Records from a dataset
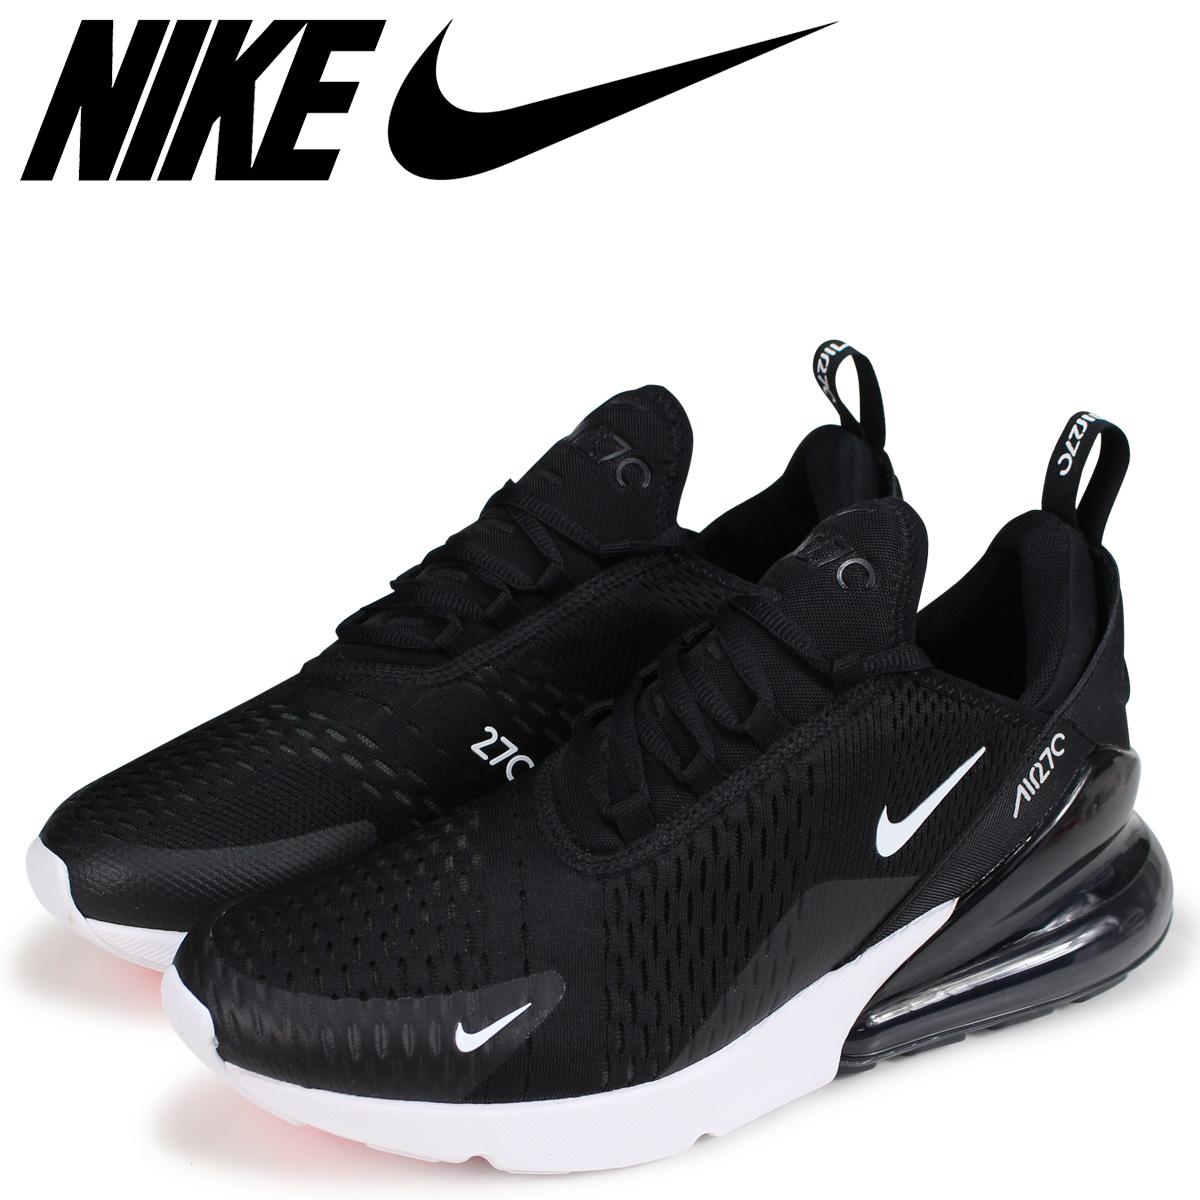 NIKE Kie Ney AMAX 270 sneakers men AIR MAX 270 AH8050 002 black black [the 816 additional arrival]
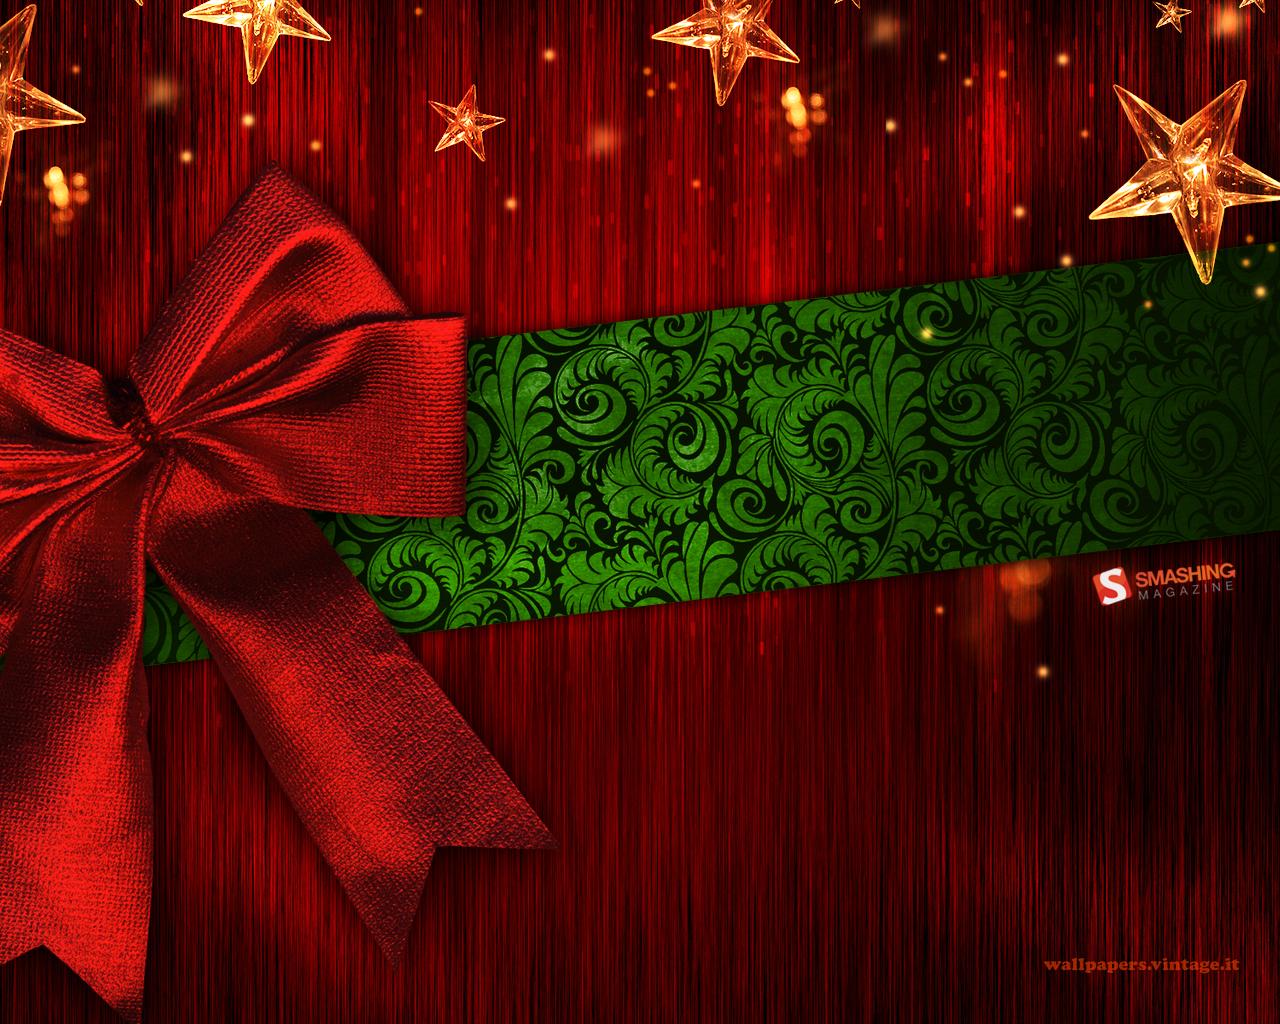 Free Ipad Wallpaper Christmas: Christmas Wallpaper
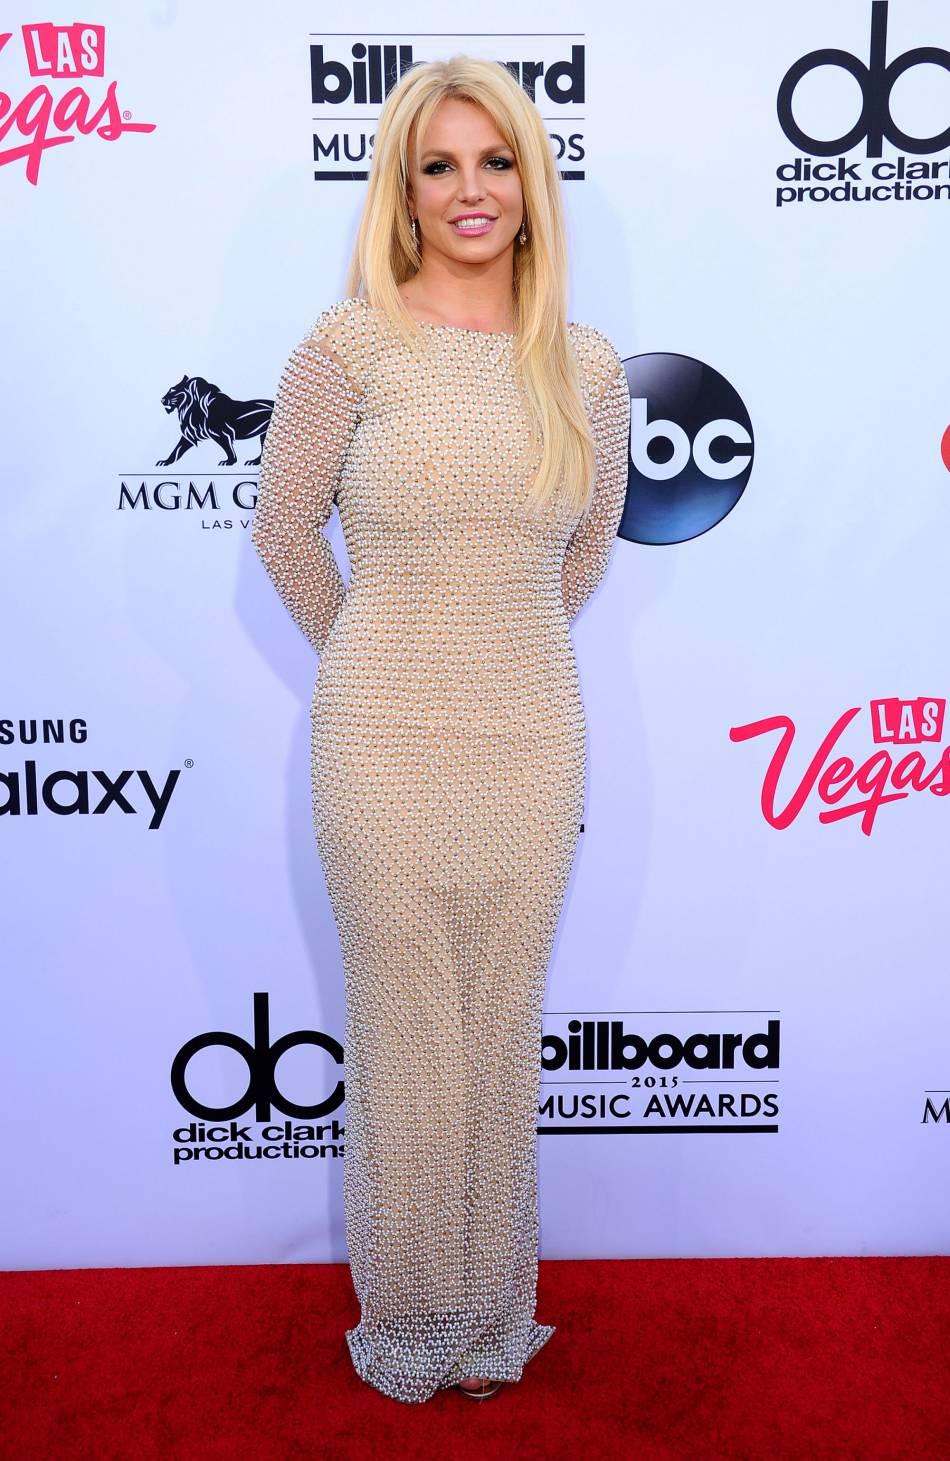 Britney Spears porte toujours des robes aussi moulantes...
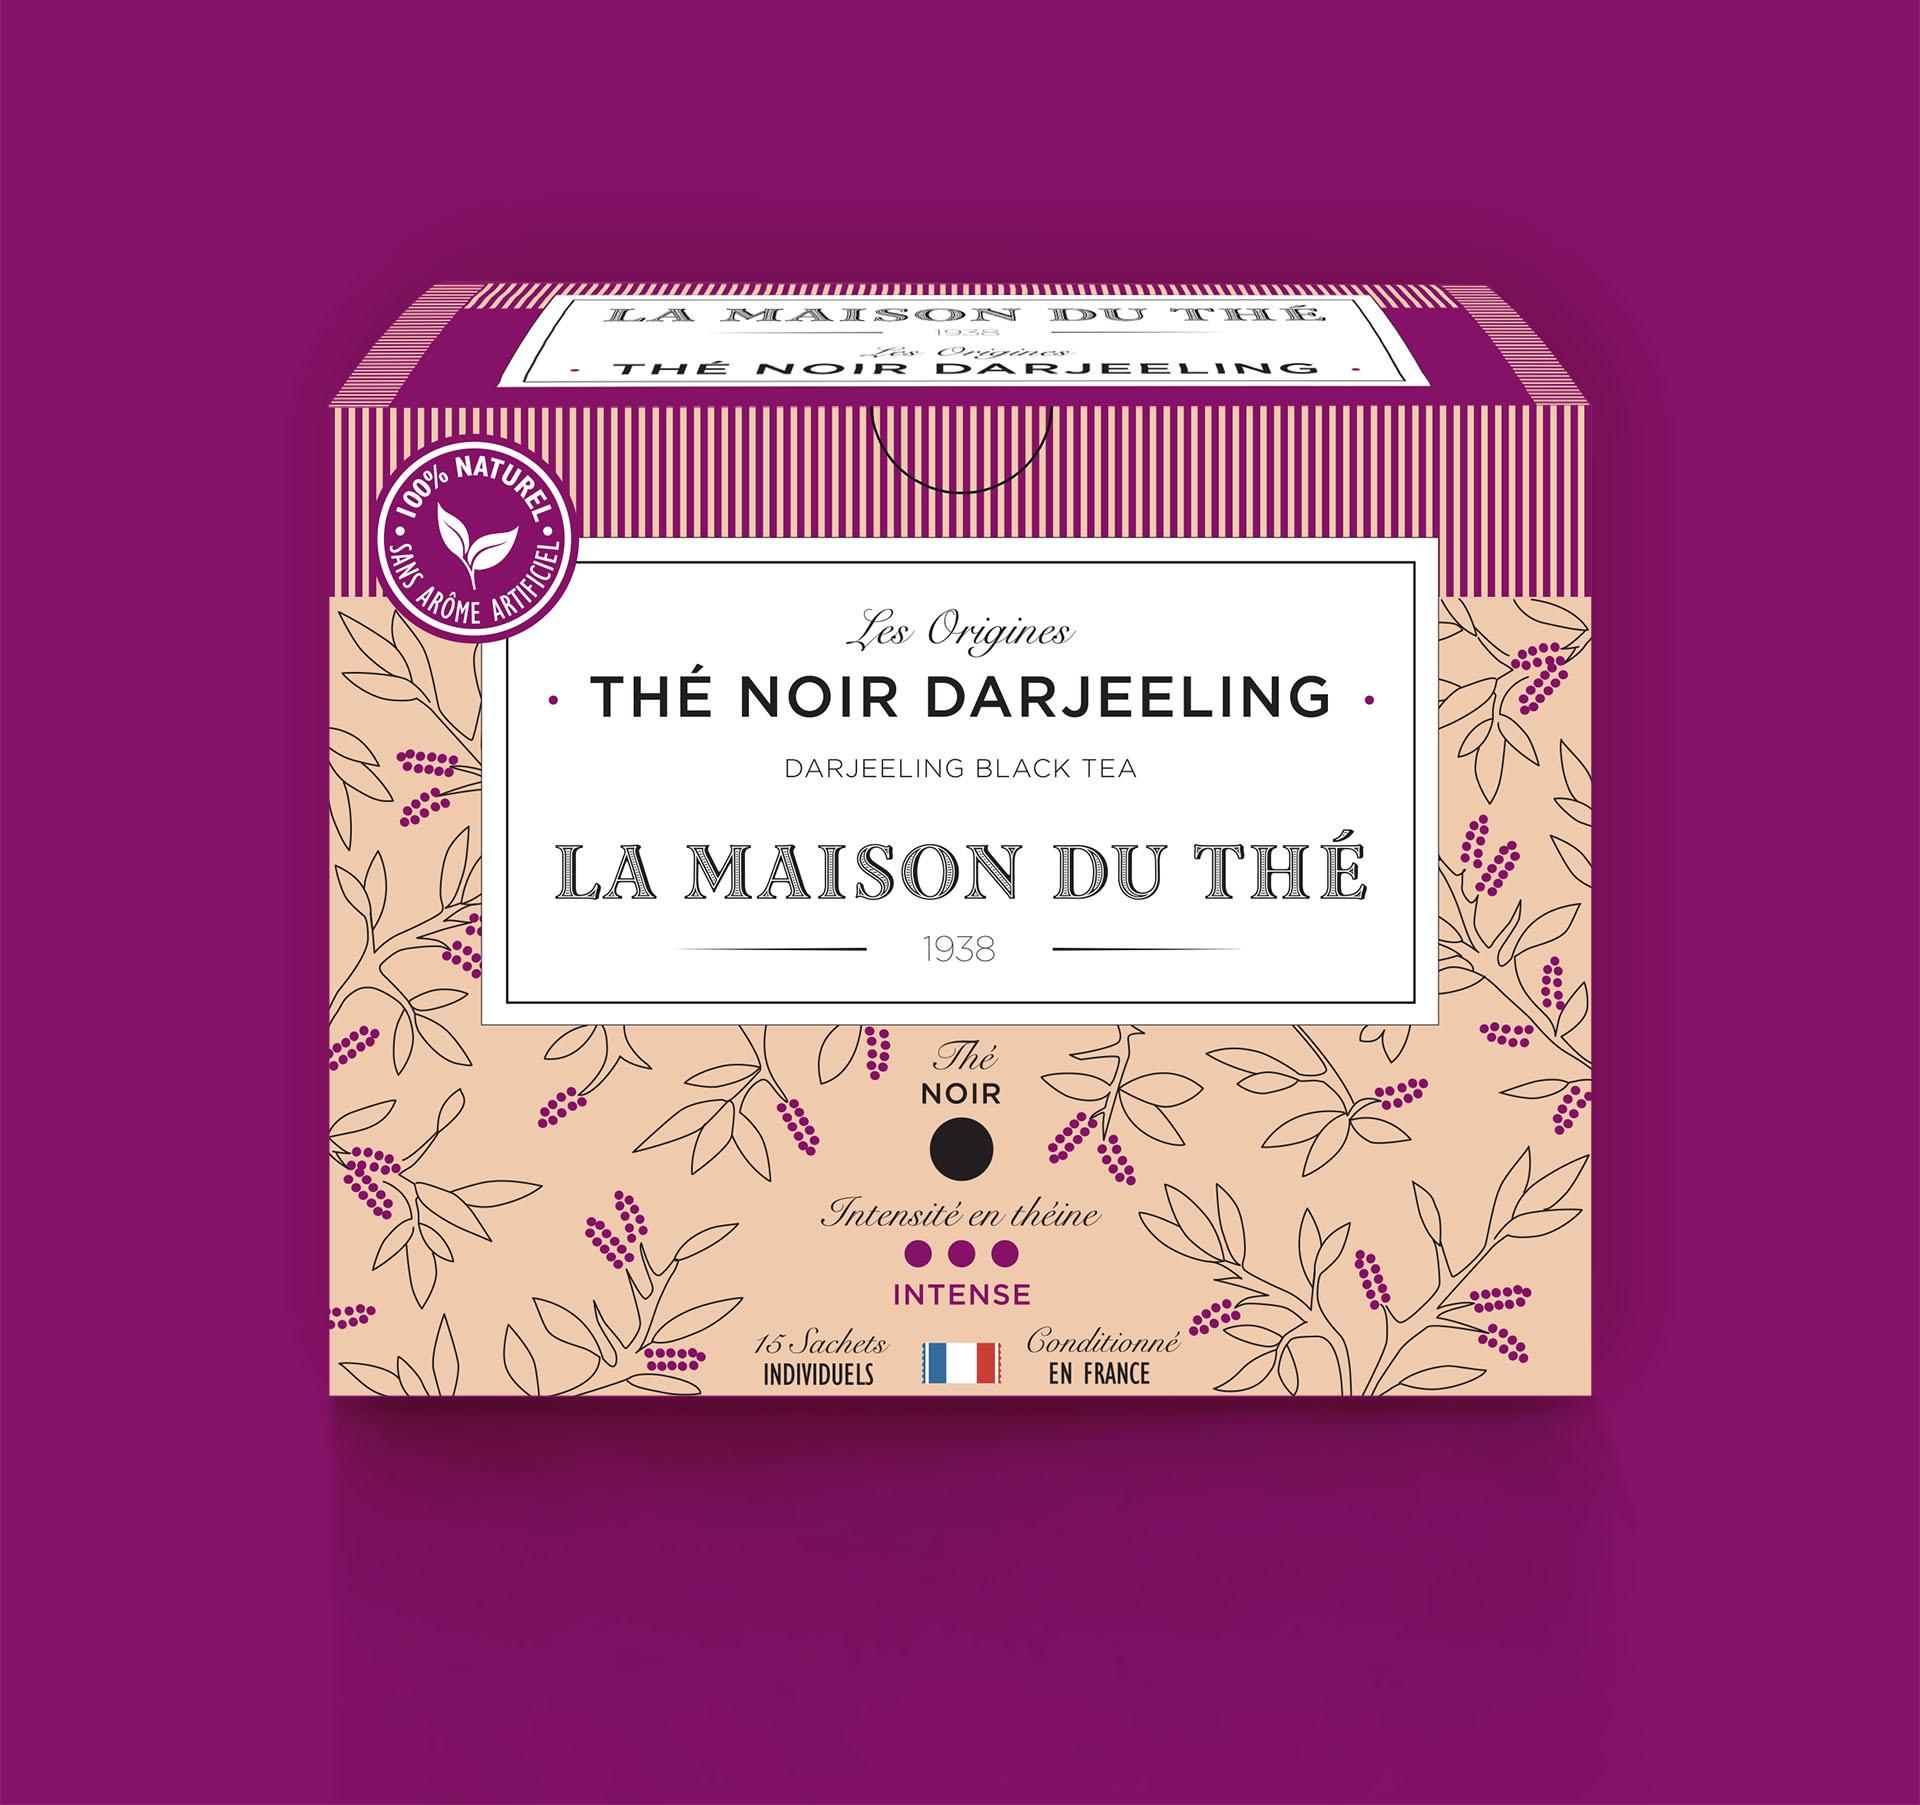 Thé noir Darjeeling, les Origines
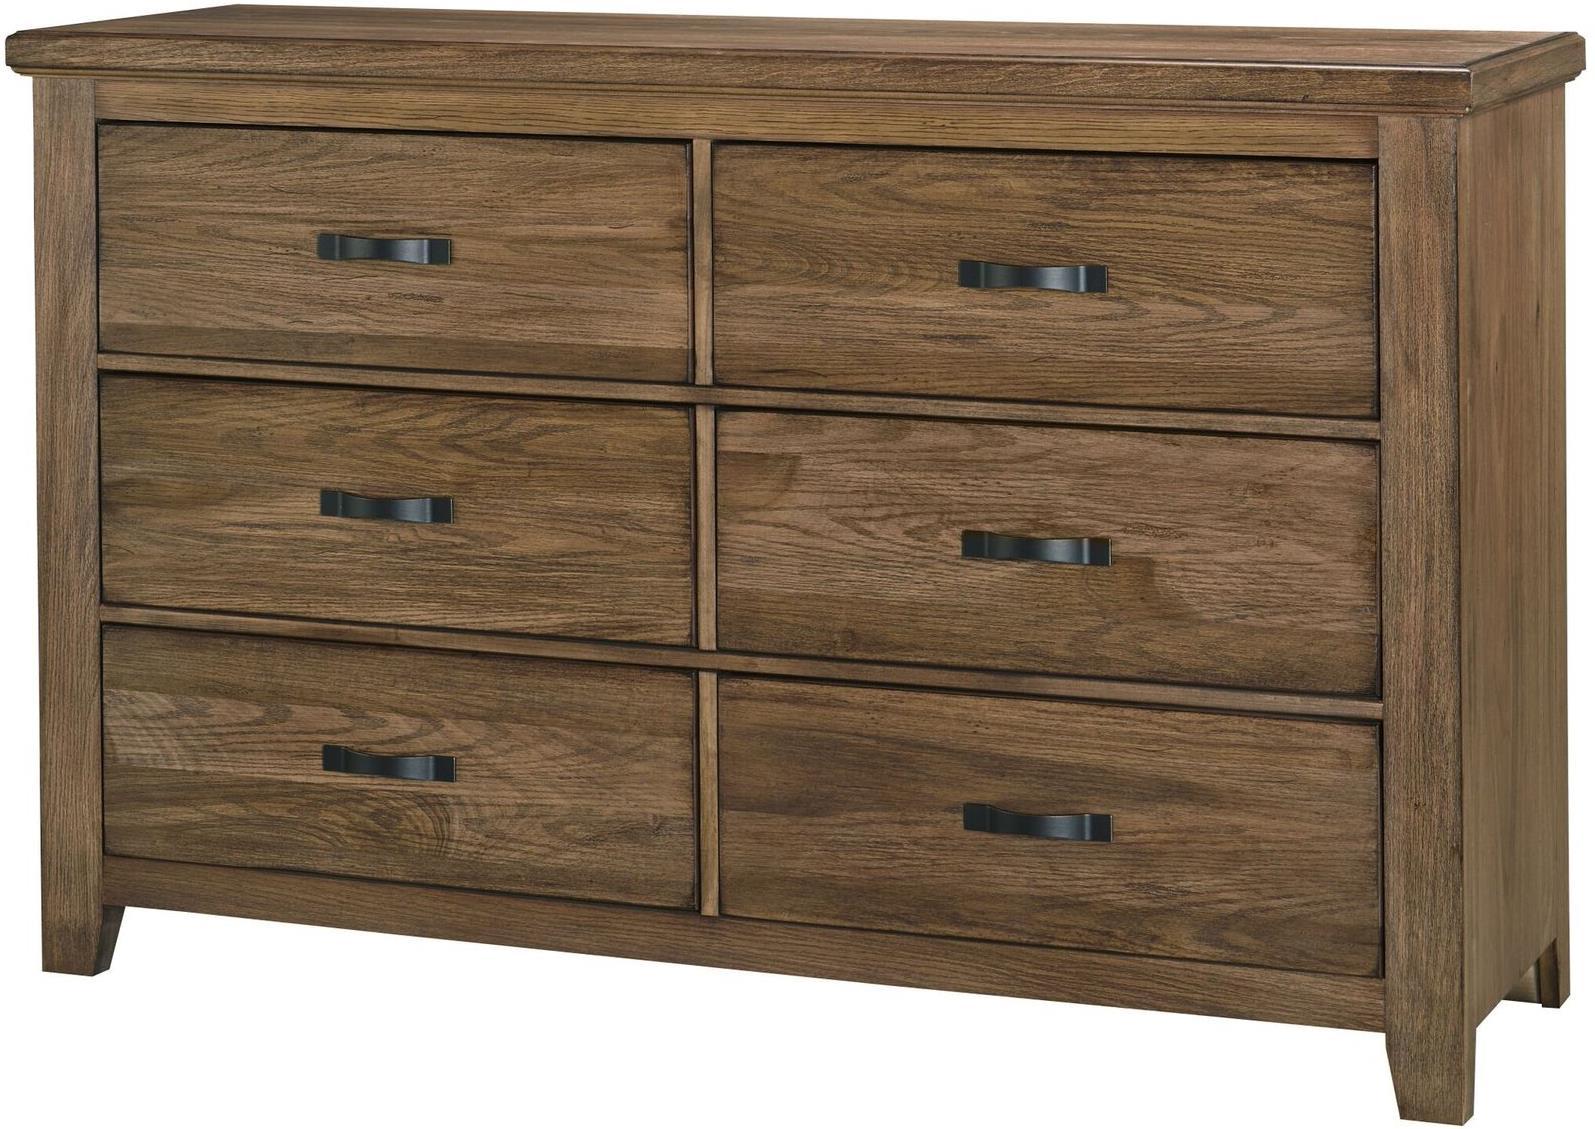 Vaughan Bassett Gramercy Park Storage Dresser-6 Drawer - Item Number: 514-002

Problem to work on: Repeat only the lines from the one holding "Britney Spears porte" through the last line of the data, inclusive. Keep the pictures out.

Answer to this task:
 Britney Spears porte toujours des robes aussi moulantes...
 Thé noir Darjeeling, les Origines
 Vaughan Bassett Gramercy Park Storage Dresser-6 Drawer - Item Number: 514-002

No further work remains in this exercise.